§ **Given material**:
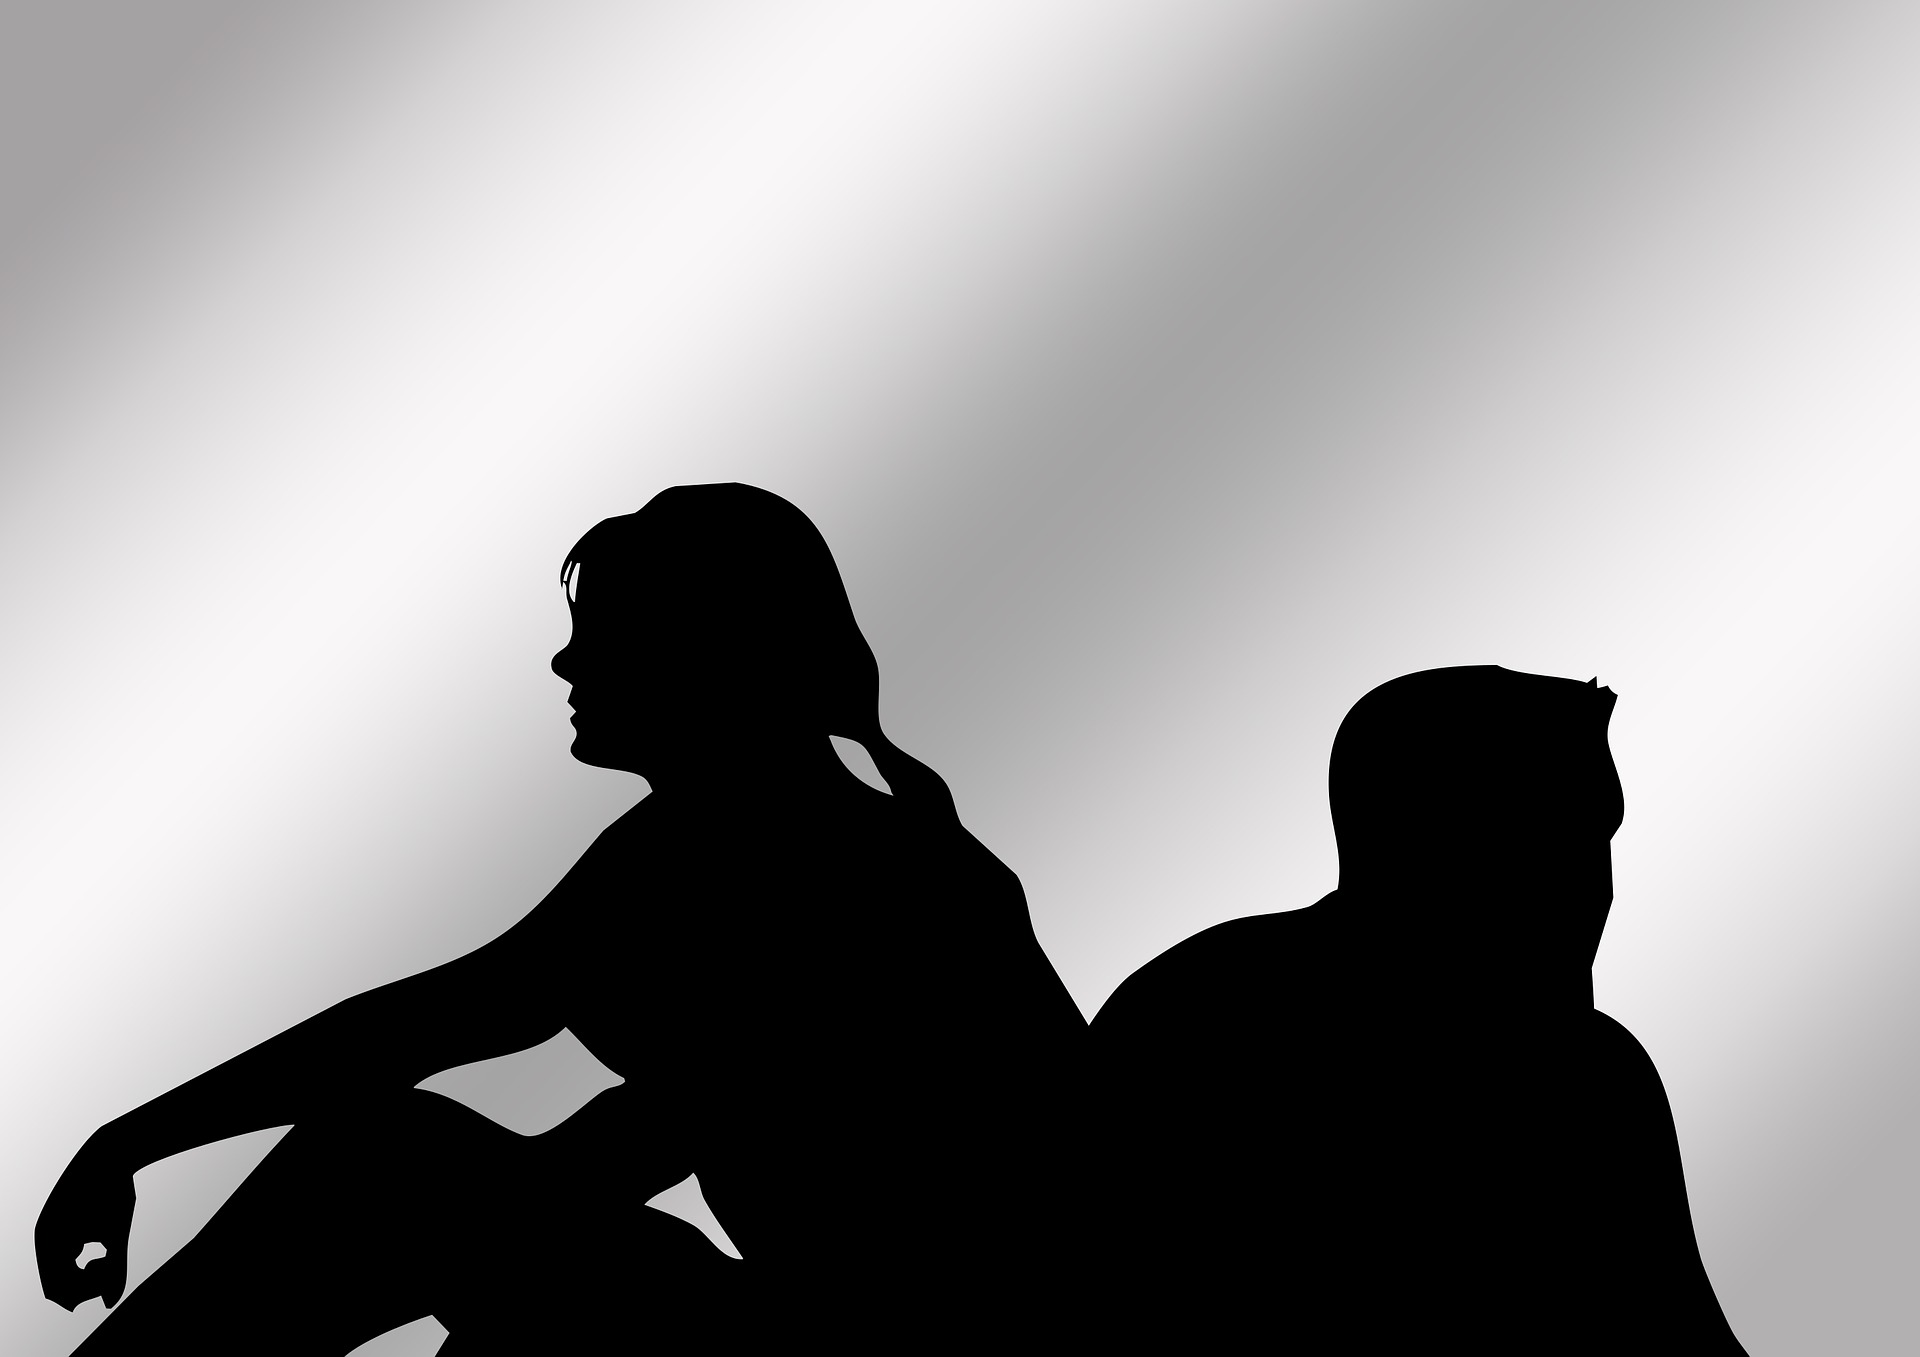 imagen sobre la dependencia emocional, soy adicto a mi pareja
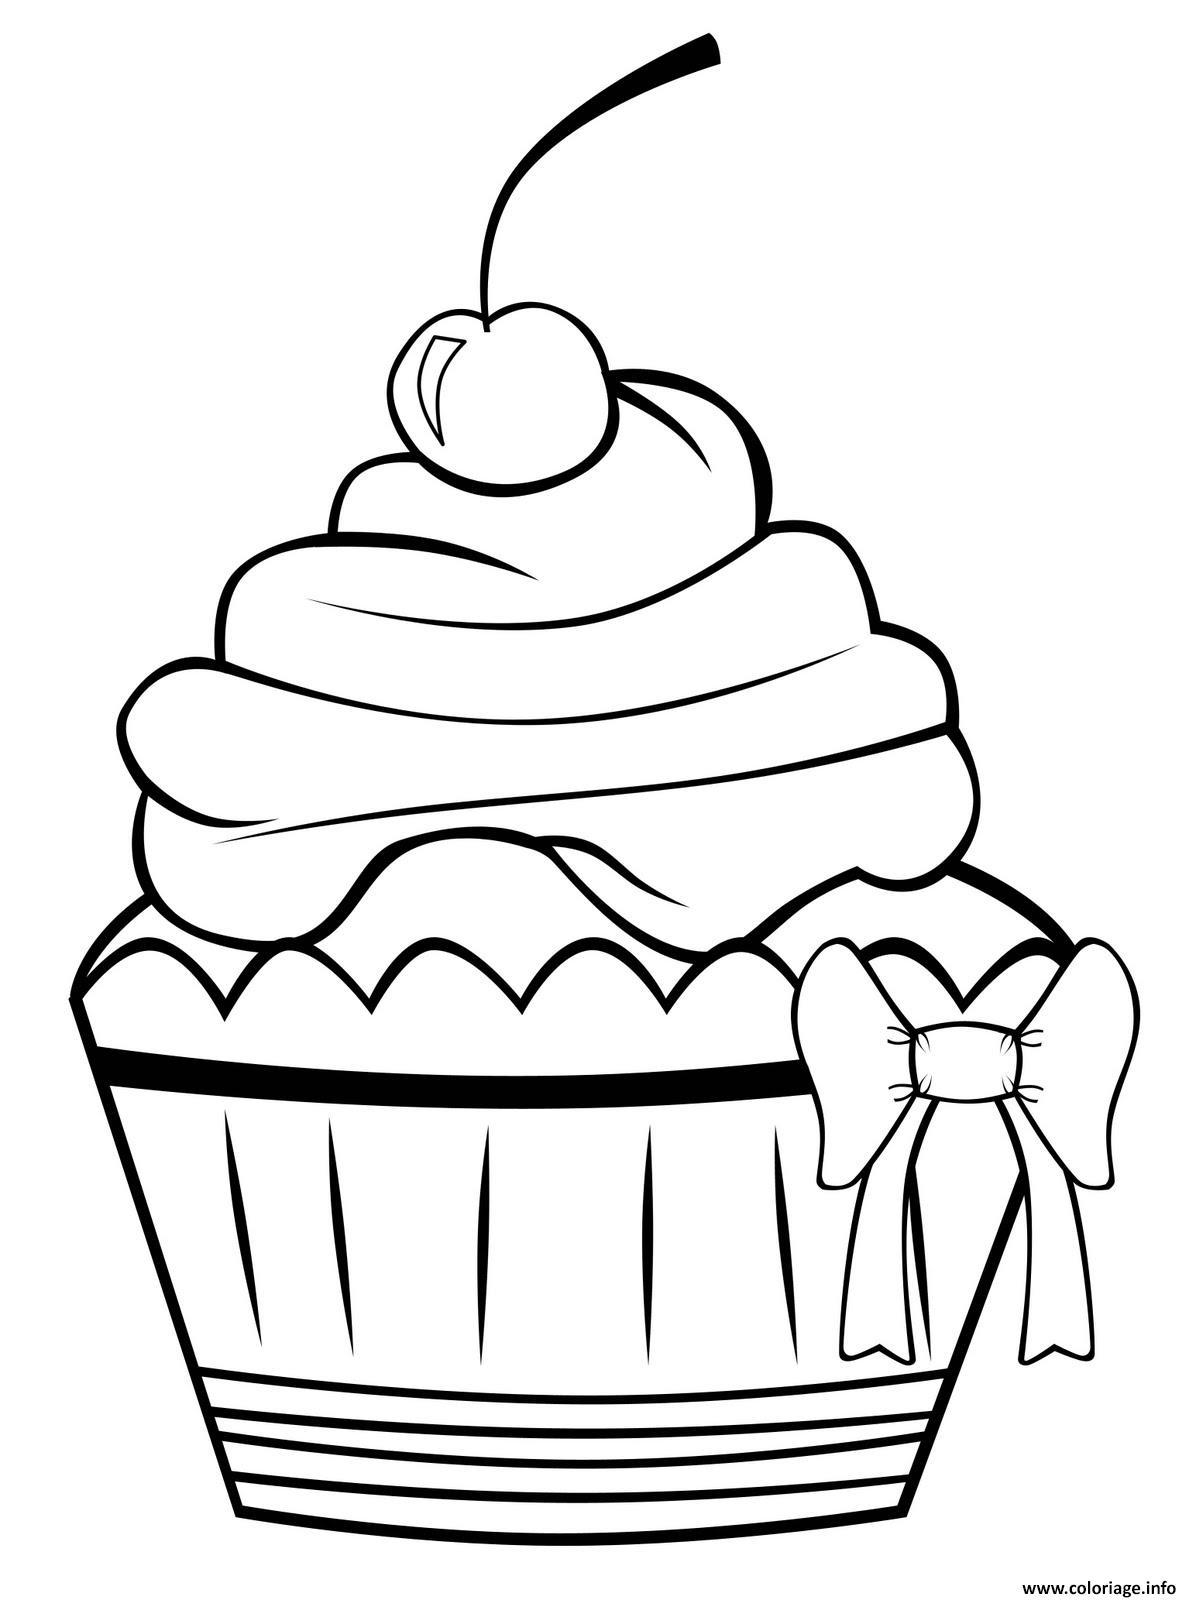 Dessin cupcake vintage original classic basic4 Coloriage Gratuit à Imprimer
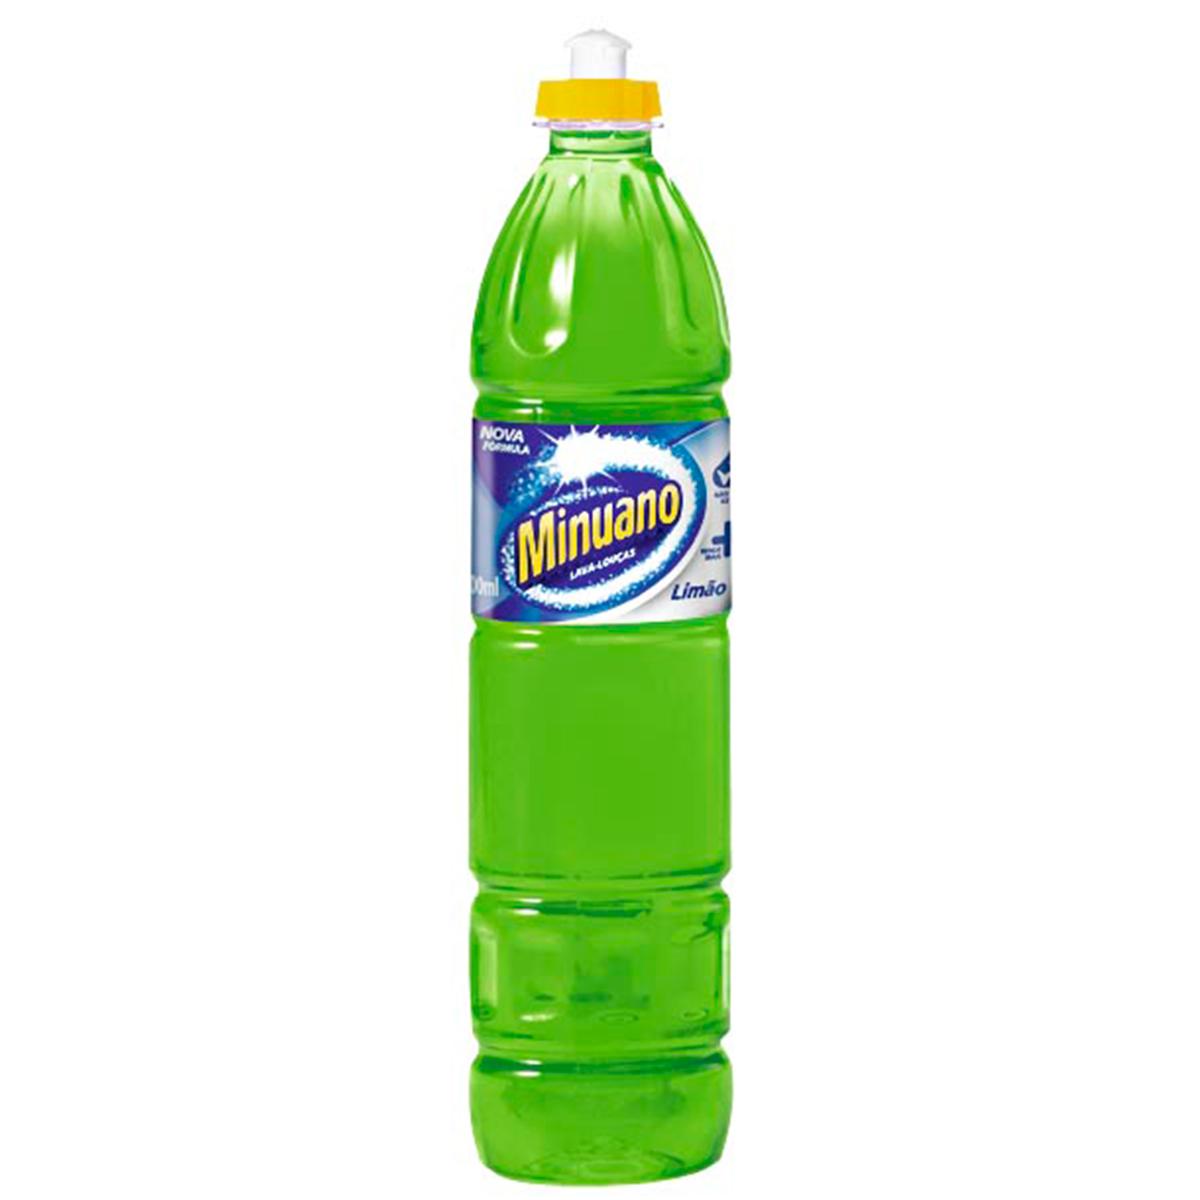 Resultado de imagem para minuano limão detergente
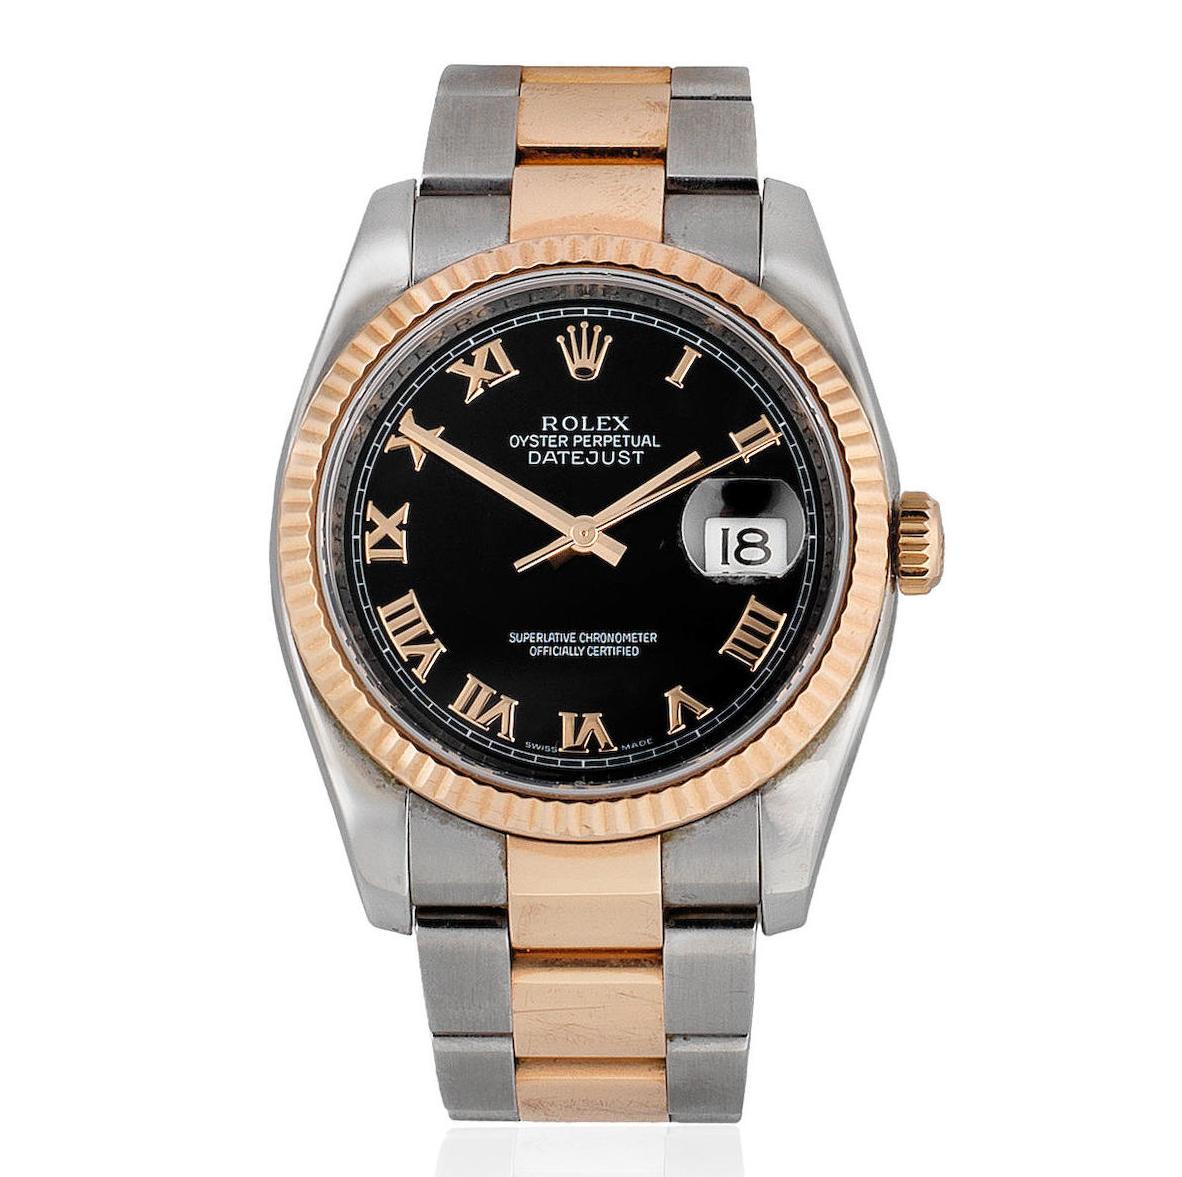 Watches and Wristwatches by Bonhams London, Knightsbridge - MondaniWeb

§ **Goal of the exercise**:
Reproduce the material above exactly, but only from the line with "Dessin cupcake vintage" through its last line, leaving pictures out.

§ **Task output**:
 Dessin cupcake vintage original classic basic4 Coloriage Gratuit à Imprimer
 Resultado de imagem para minuano limão detergente
 Watches and Wristwatches by Bonhams London, Knightsbridge - MondaniWeb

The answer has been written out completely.